A U.S. judge stated April 17 he would authorize Seadrill Ltd.’s (NYSE: SDRL) plan to leave its Chapter 11 bankruptcy, where the worldwide overseas oil and gas drilling company would shed billions of dollars of debt and raise $1 billion in new financial investment. U.S. Bankruptcy Judge David Jones in Houston overthrew 2 small objections to the reorganization plan throughout a 90-minute hearing. The plan extends maturities on more than $5 billion of bank loans and converts about $2.3 billion in bond debt into equity in a restructured Seadrill.
In addition, the plan will raise about $1 billion in new debt and equity through a rights offering led by Seadrill’s biggest investor, John Fredriksen, and financial investment company Centerbridge Credit Partners LP. ” The company will have an incredible competitive benefit with the new balance sheet,” stated Spencer Winters, a lawyer for Seadrill with the Kirkland & Ellis, at the April 17 hearing. Seadrill, which takes on Nabors Industries Ltd. (NYSE: NBR) and Ocean Rig UDW Inc. (NASDAQ: ORIG), runs a fleet of more than 30 vessels and was once the biggest driller by market price. The company’s stock trades on the Oslo and New York stock exchanges and it has business workplaces worldwide. Following a deep drop in oil rates beginning in 2014, the overseas service market experienced an excess of capability and low market rates, an issue that sticks around today.
Seadrill declared bankruptcy in September.
Mark Morris, the company’s CFO, informed the court that Seadrill has a contemporary fleet, great security record and a strong customer base, but was strained with more than $10 billion in liabilities. “This was everything about repairing the balance sheet,” he stated. Seadrill had broad assistance from its lenders for its plan, and much of the settlement in the restructuring fixated a push by shareholders to offer a larger part of the $1 billion new financial investment. The company still has to complete numerous actions before it can leave bankruptcy, consisting of payments of charges and getting regulative approvals.

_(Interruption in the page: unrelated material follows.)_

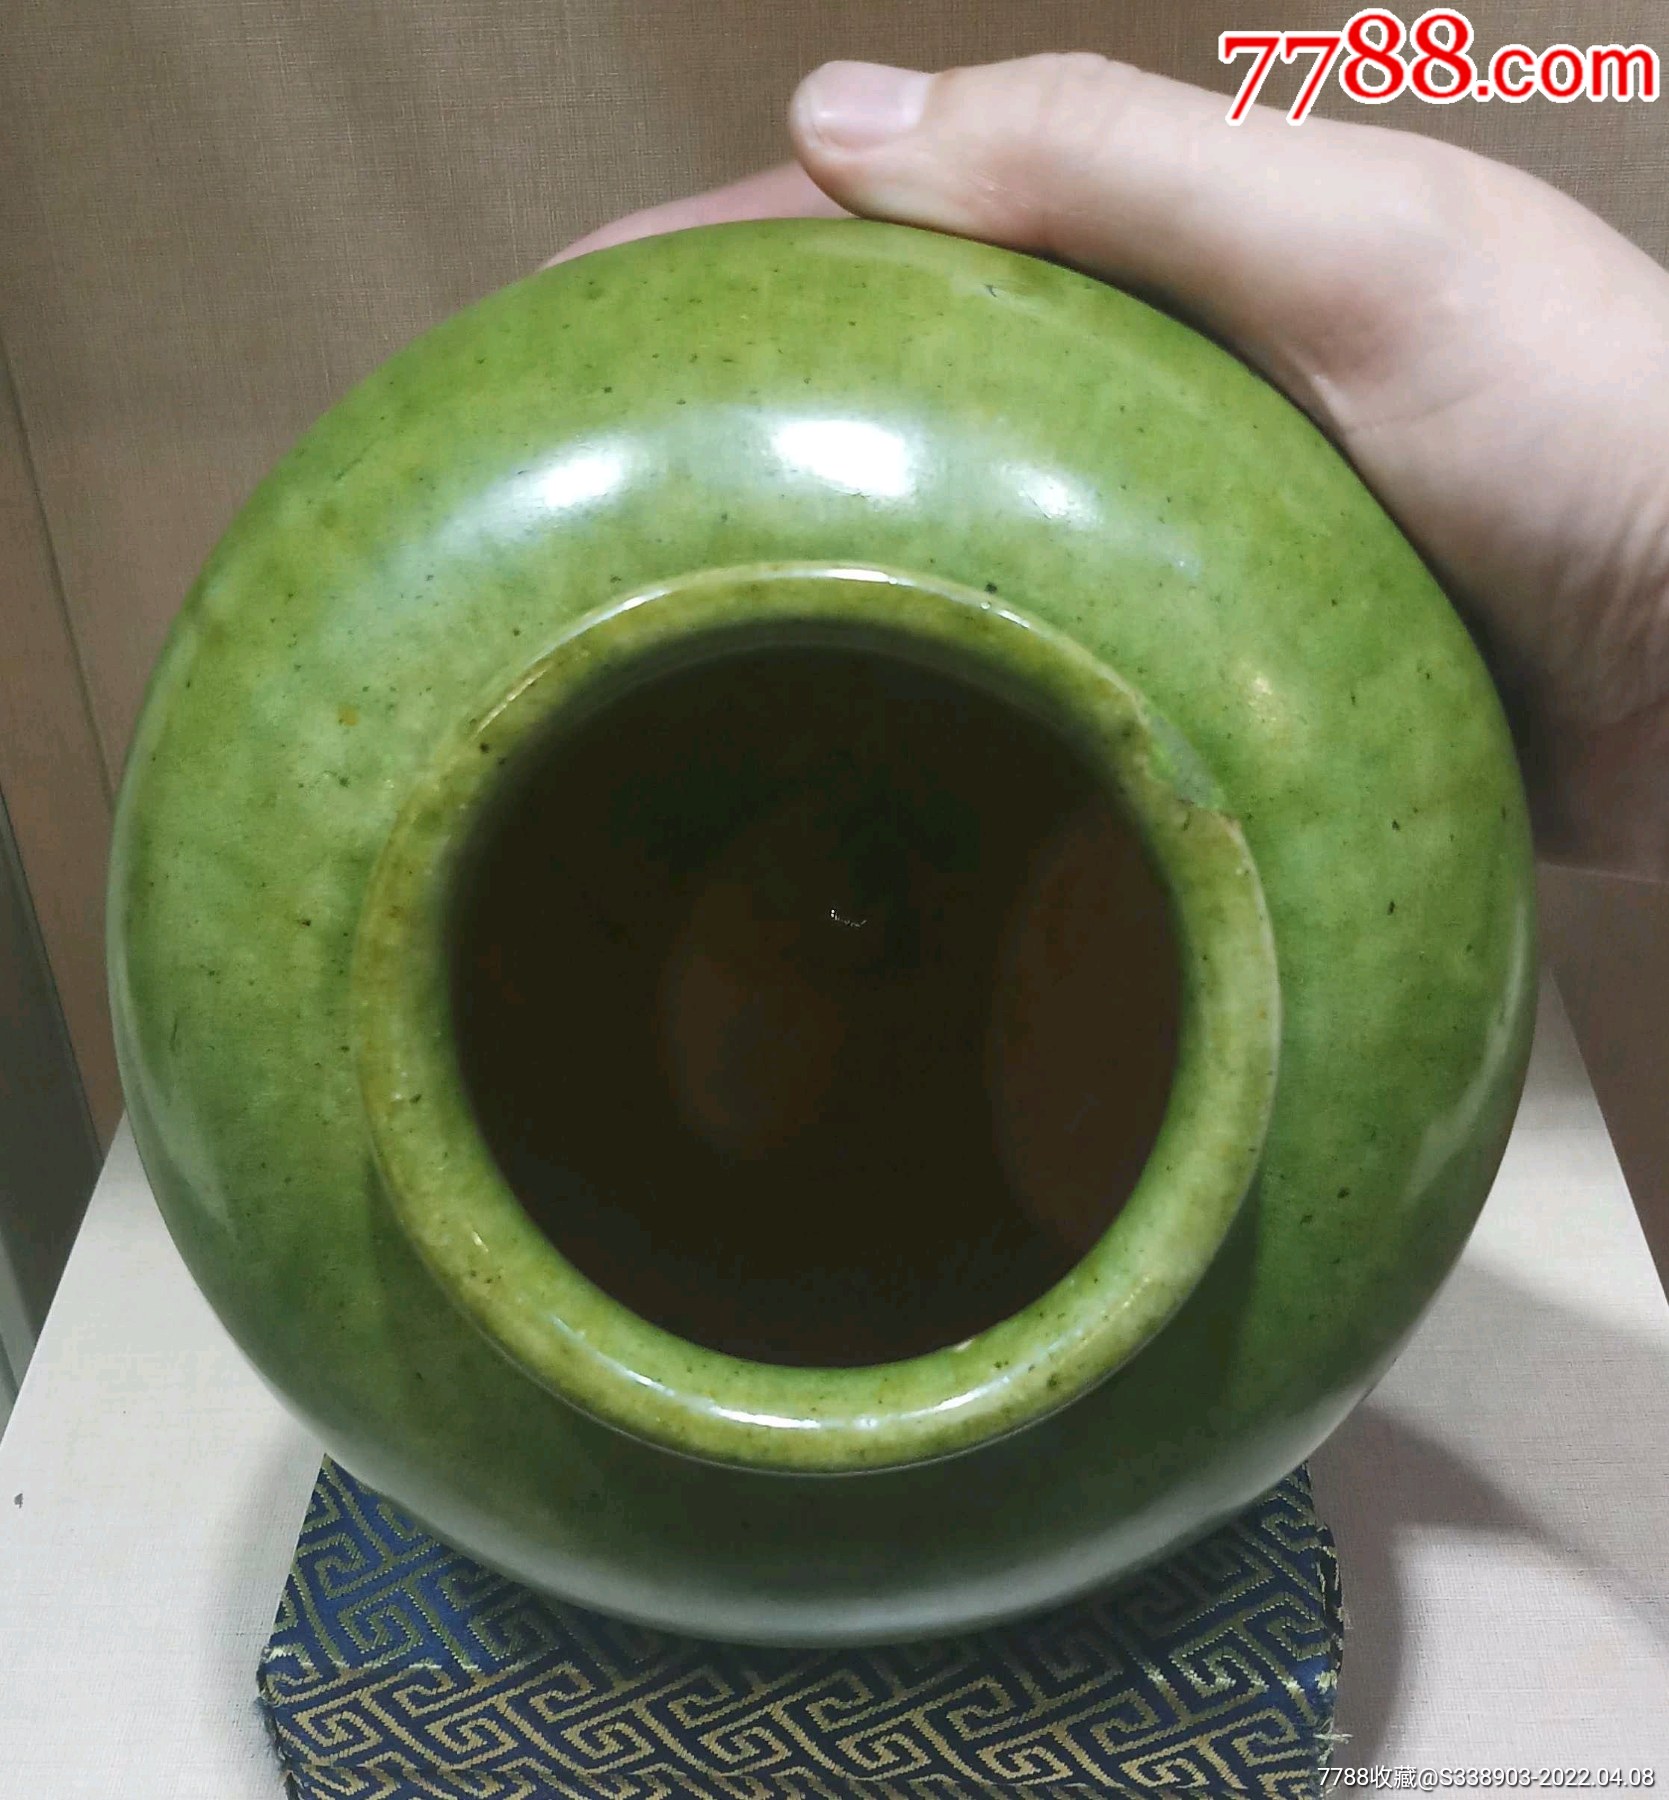 绿釉陶罐,完美品相,韵味十足,非常漂亮难得,造形古朴,收藏级简介:唐朝

Closer Ties with Oil Service Firms
Seadrill intends to broaden relations with Schlumberger Ltd. (NYSE: SLB), the world’s biggest oil services company, and other providers to the worldwide oil and gas market, its CEO informed Reuters on April 18. Seadrill prepares to emerge from Chapter 11 bankruptcy procedures in late June or early July, CEO Anton Dibowitz stated. ” The verification is the most considerable turning point while doing so, and now we need to carry out the plan over 60-90 days. Undoubtedly, we want to do it as quickly as possible,” he included. Seadrill is currently complying with Schlumberger in India to use integrated services and might broaden this to other places and partners, although the company has no instant consolidation strategies. ” Equally, we remain in conversations with all significant oil service business, and if there are chances that makes good sense for both people, we will definitely captivate that,” Dibowitz stated.